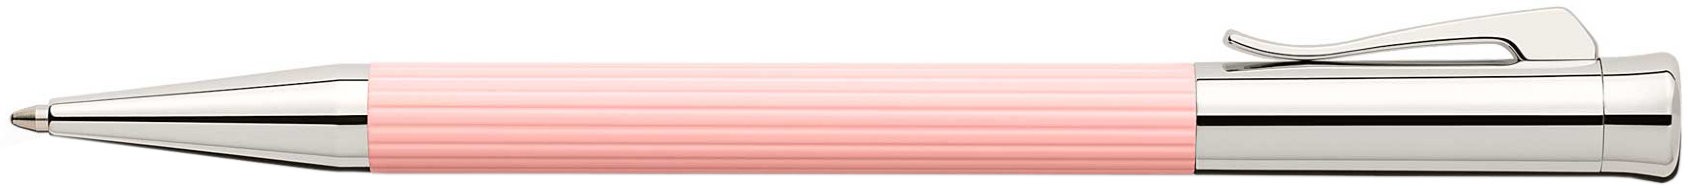 Шариковая ручка Graf von Faber-Castell Tamitio Rose
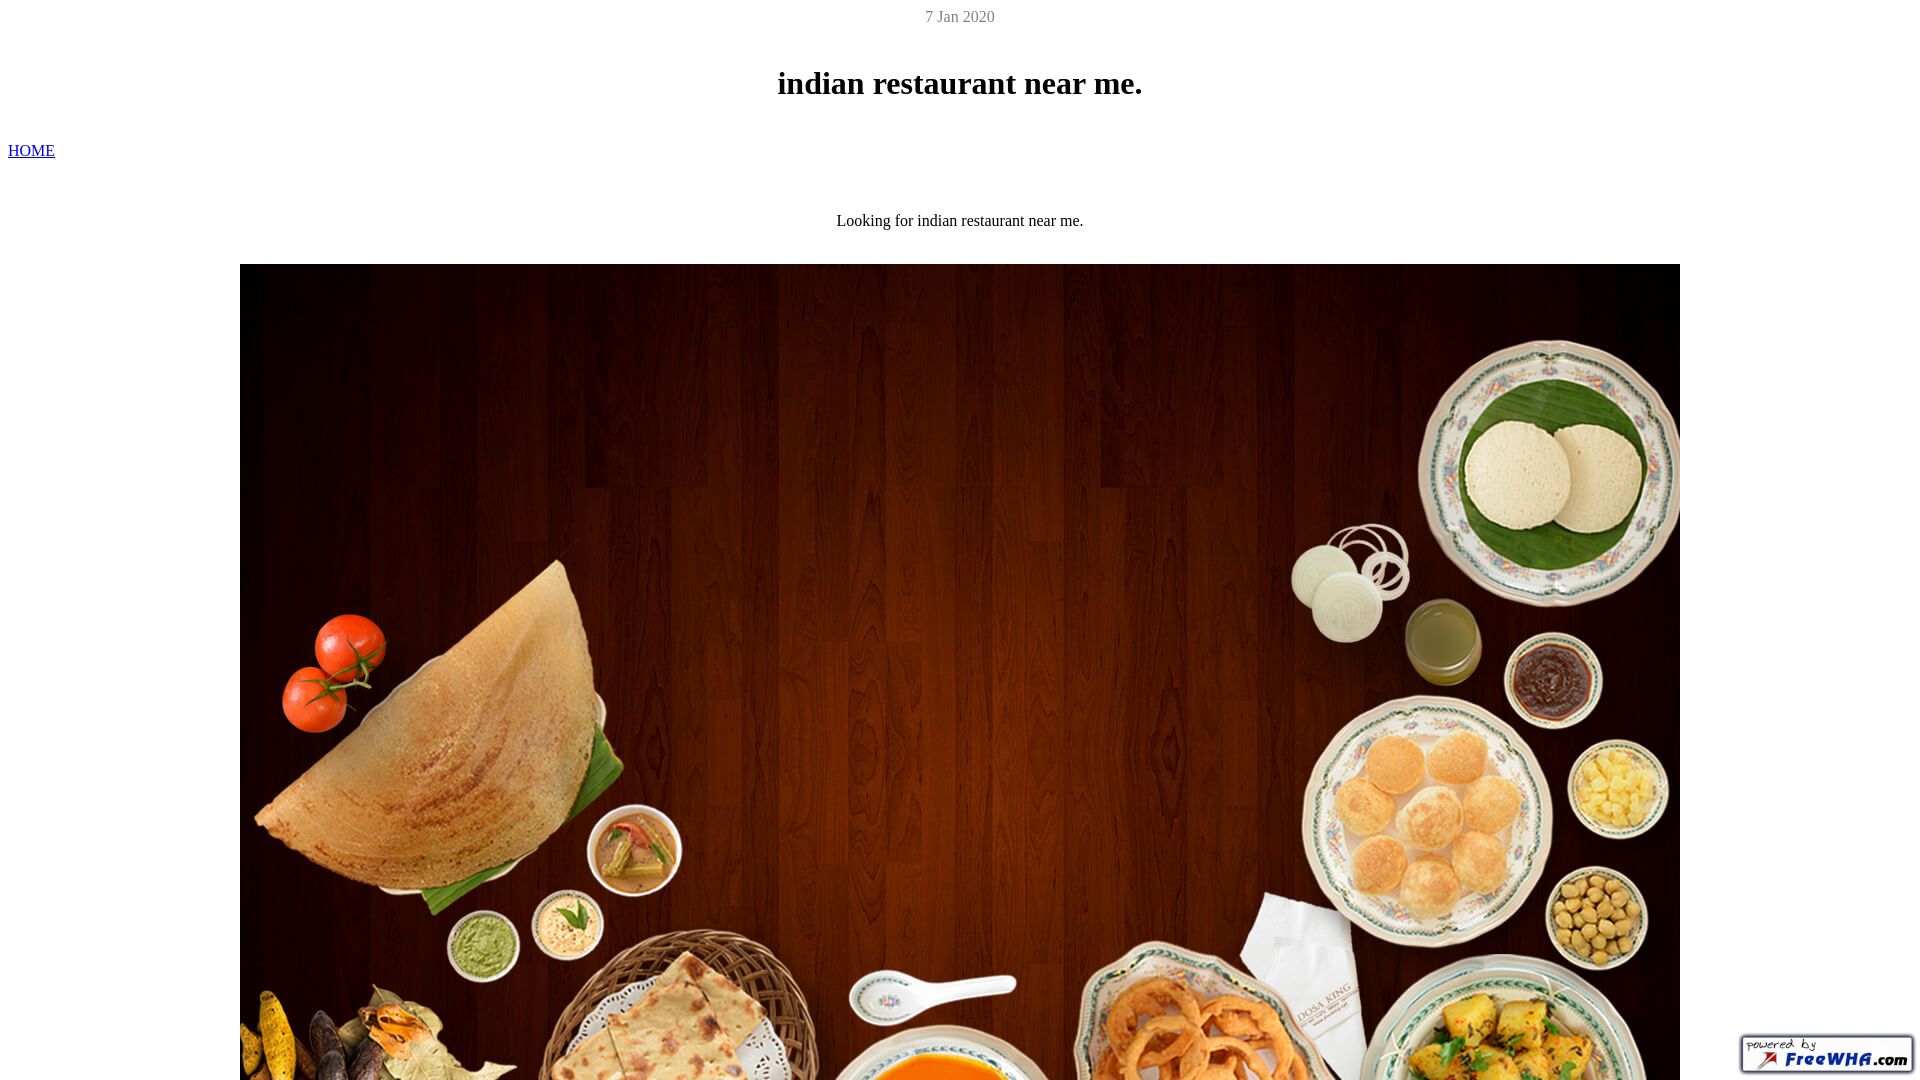 Stato del sito web indianrestaurantnearme.ueuo.com è   ONLINE
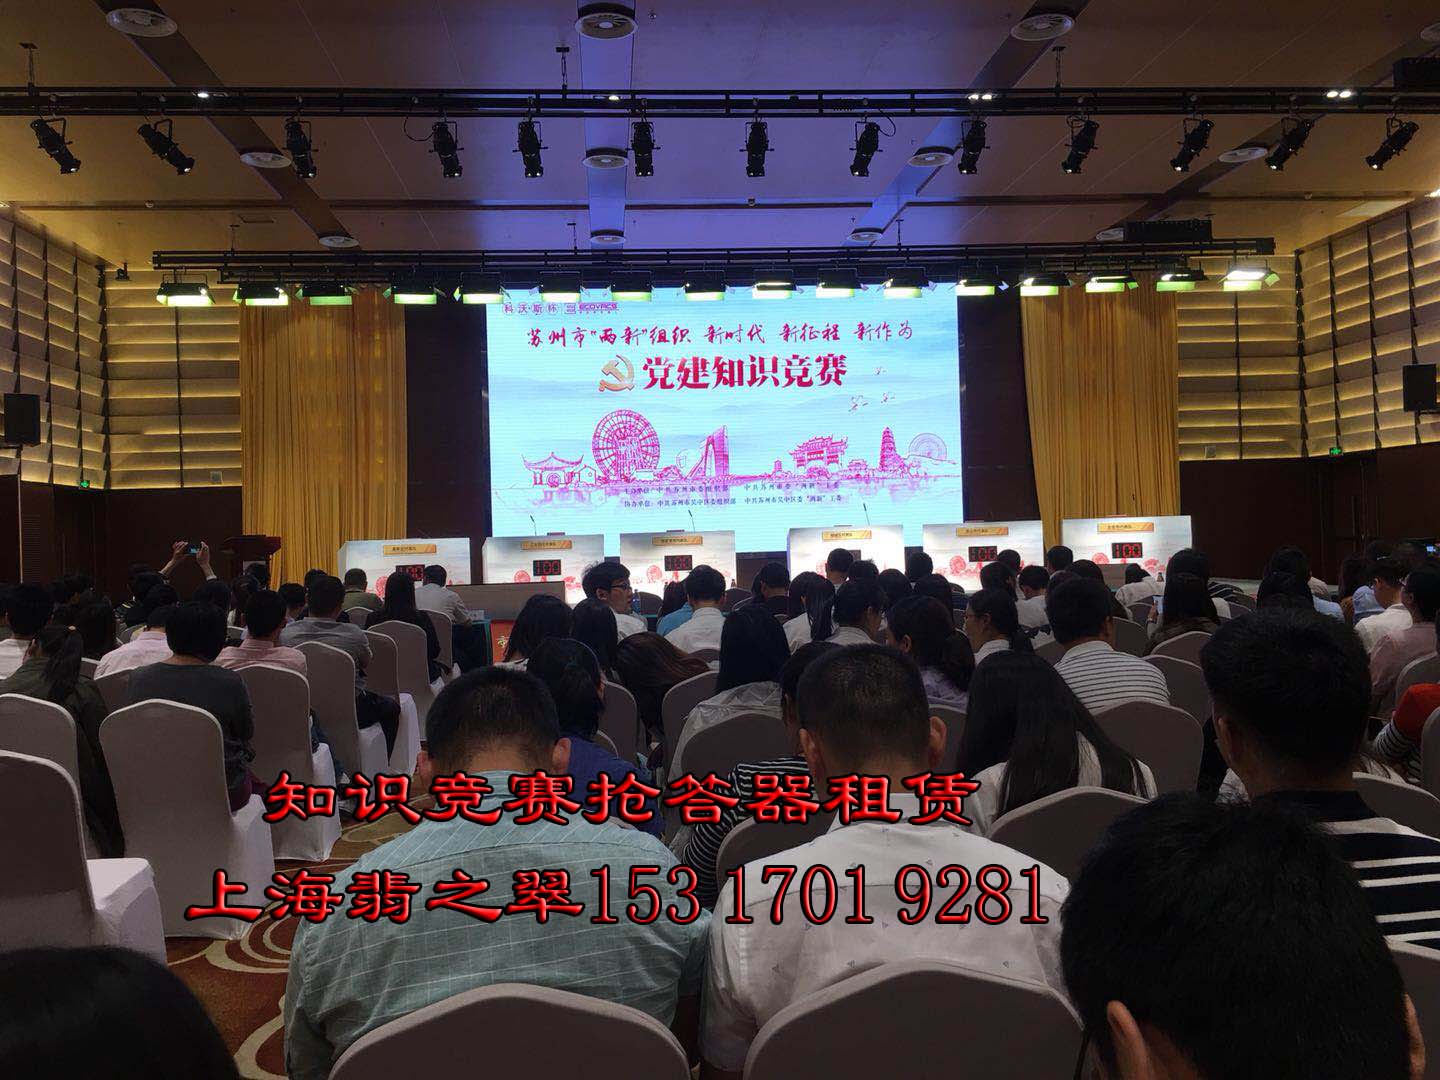 （上海）投票器评分器，抢答器，无线导览活动竞赛专业抢答器，设备租赁找翡之翠。
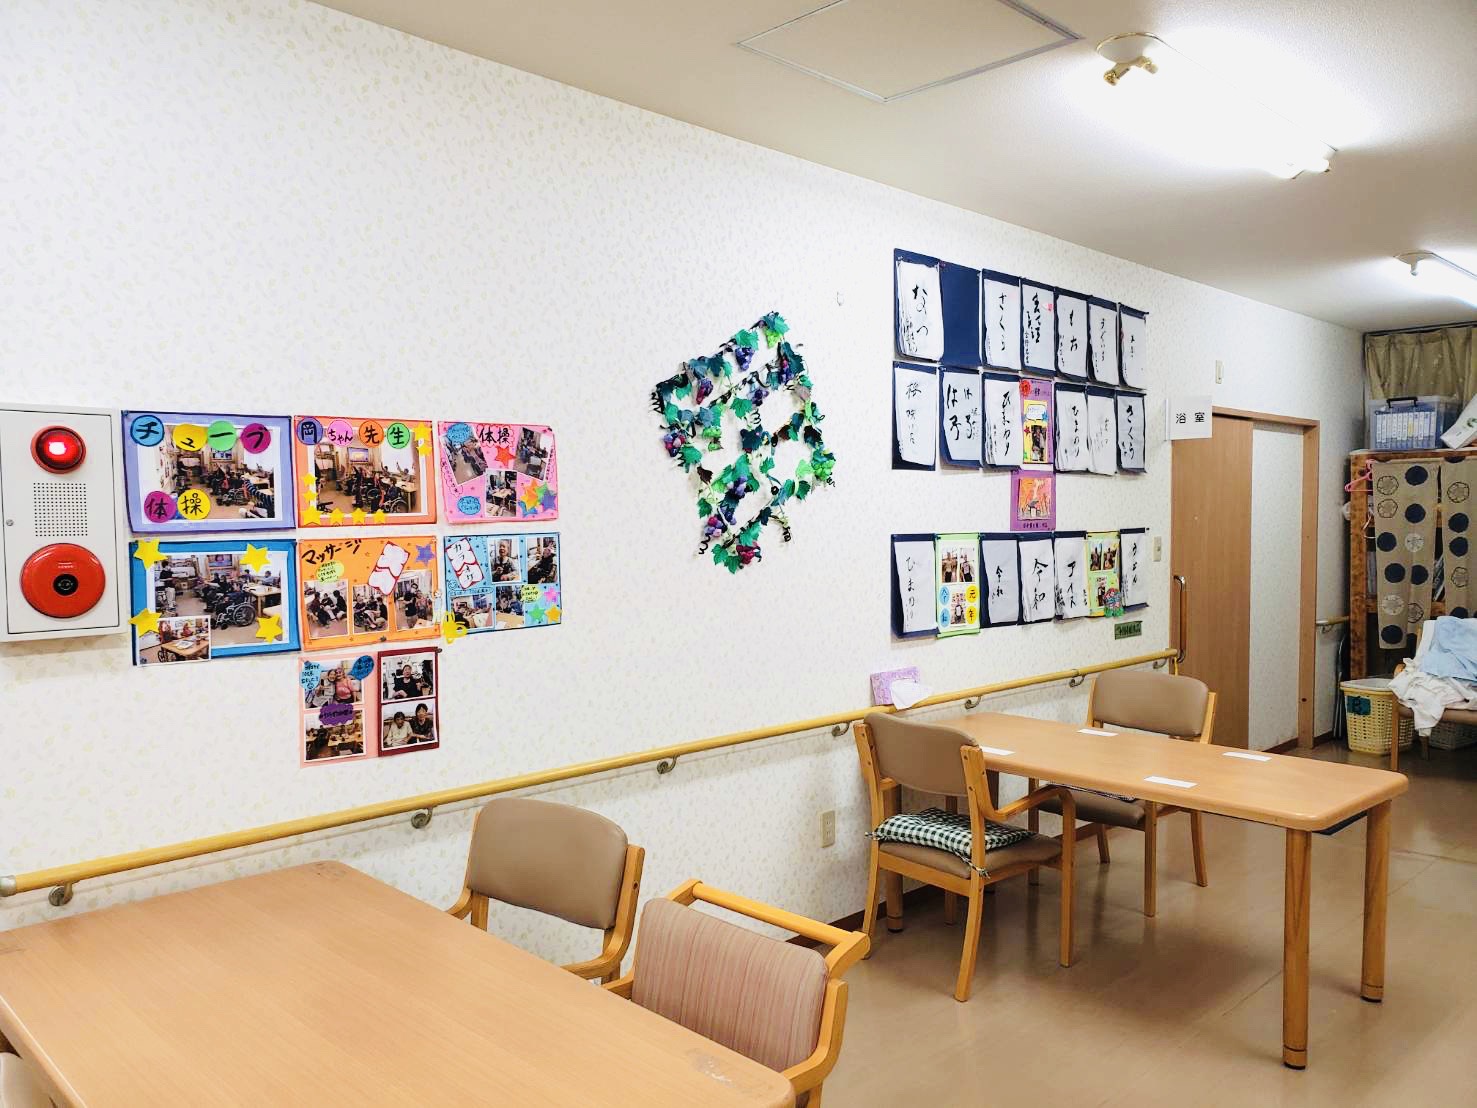 「ナーシング三重」三重県亀山市のサービス付き高齢者向け住宅

##########

What to work on – Print the full listing again exactly, and drop every image from it.

Exercise solution –
 Шариковая ручка Graf von Faber-Castell Tamitio Rose
 Stato del sito web indianrestaurantnearme.ueuo.com è   ONLINE
 （上海）投票器评分器，抢答器，无线导览活动竞赛专业抢答器，设备租赁找翡之翠。
 「ナーシング三重」三重県亀山市のサービス付き高齢者向け住宅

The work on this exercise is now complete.